PS: You can try it out using the following online tool: https://tptp.org/cgi-bin/SystemOnTPTP
PS2: The TPTP syntax manual can be found here: https://www.tptp.org/TPTP/TR/TPTPTR.shtml
This is expected. SMT solvers don't do induction out-of-the-box. You can "coax" them to do induction by proving the base case, then posing the induction-hypothesis and have them prove it using quantifiers; but that's usually a fool's errand. SMT solvers are simply not the right choice for doing inductive proofs. Here're some relevant prior discussions on stackoverflow regarding this matter:
And many others.
Having said that, the new define-fun-rec
construct in SMTLib allows for recursive definitions, whose proofs are naturally done by induction. So, I expect the community will be going towards that direction; adding inductive capabilities over time. For instance, see:
for a paper on how to do this properly in an SMT solver. As far as I know CVC5 has incorporated some of these ideas, but expecting out-of-the-box inductive proofs would be naive at this point. (See https://github.com/cvc5/cvc5/issues/1796)

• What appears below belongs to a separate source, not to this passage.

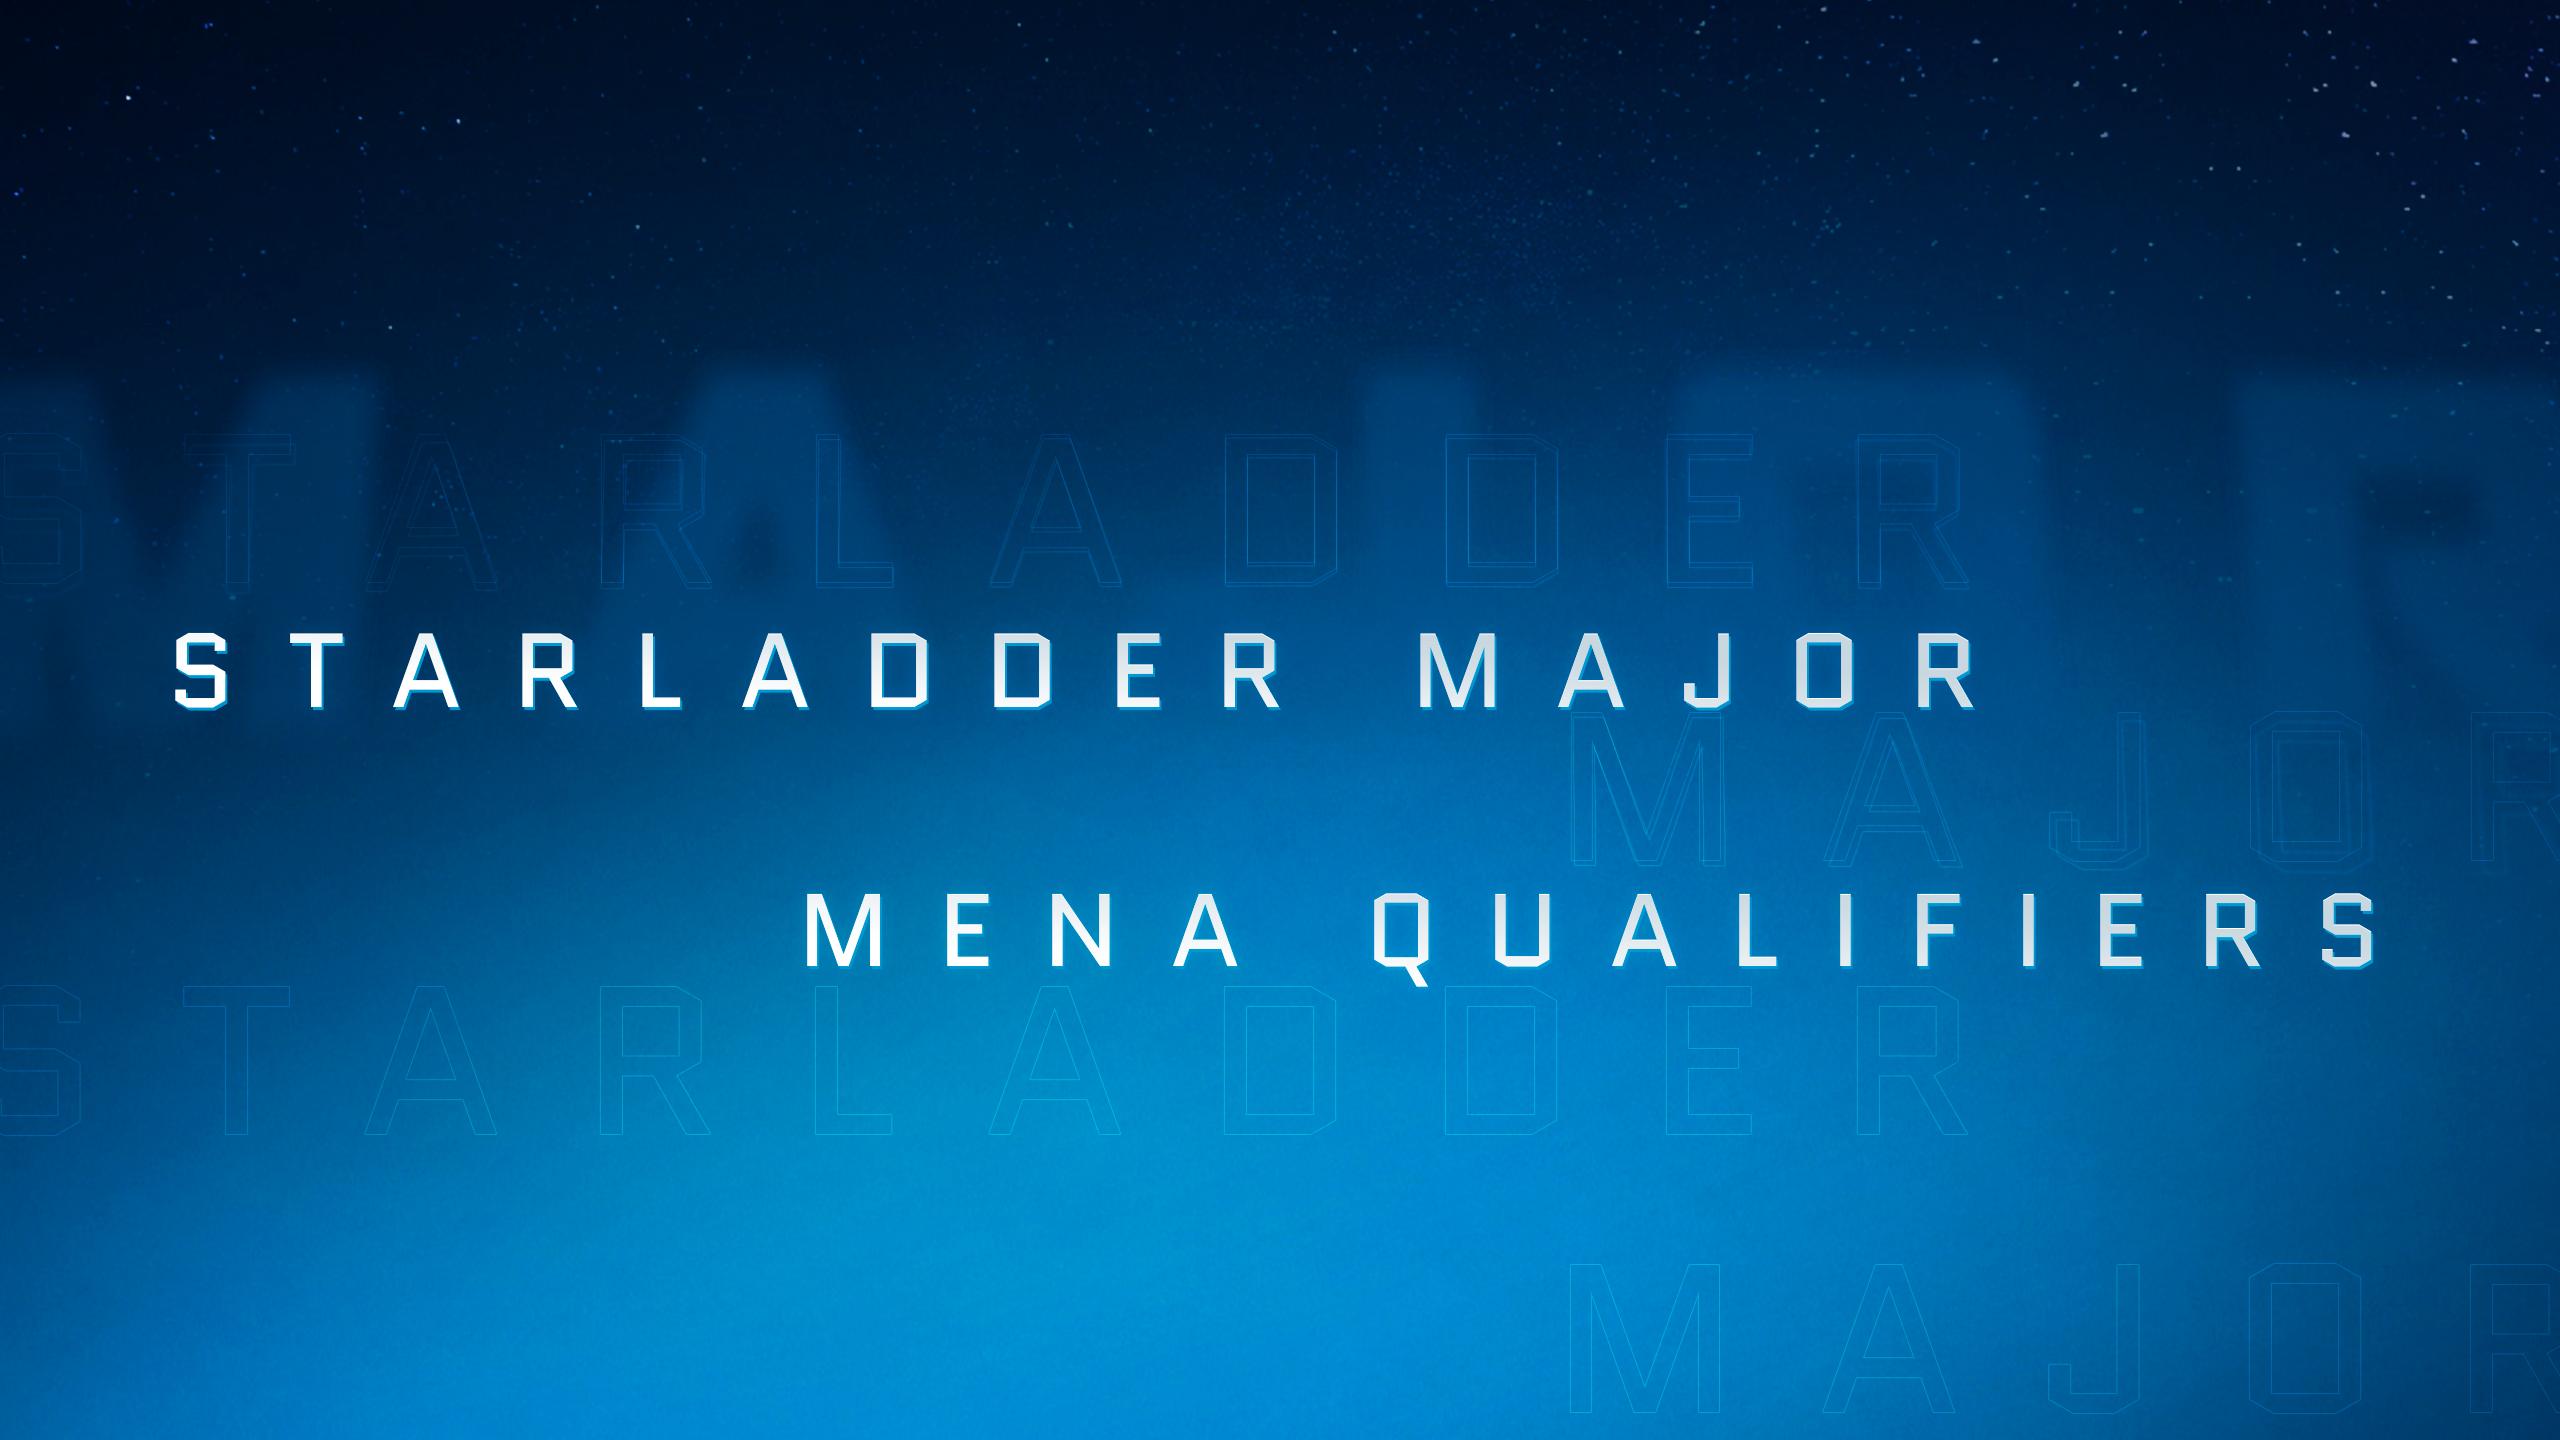 StarLadder Major: посев и расписание на закрытую квалификацию в регионе MENA

So, long story short: No, SMT solvers don't do induction. You can coax them to do it, and there's recent work that add further capabilities, but a push-button experience is unlikely. If your goal is to reason about recursive definitions and hence you rely on induction, your best bet is to use a semi-automated theorem prover such as Isabelle, Coq, HOL, HOL-Light, ACLL2, Lean, etc.. all of which have strong facilities to do induction. Furthermore they incorporate SMT solvers as "tactics" so you get the best of both worlds in that sense. (i.e., use a manual strategy to dissect your proof to simple enough subgoals, handle induction etc, and ship the rest off to an SMT-solver.)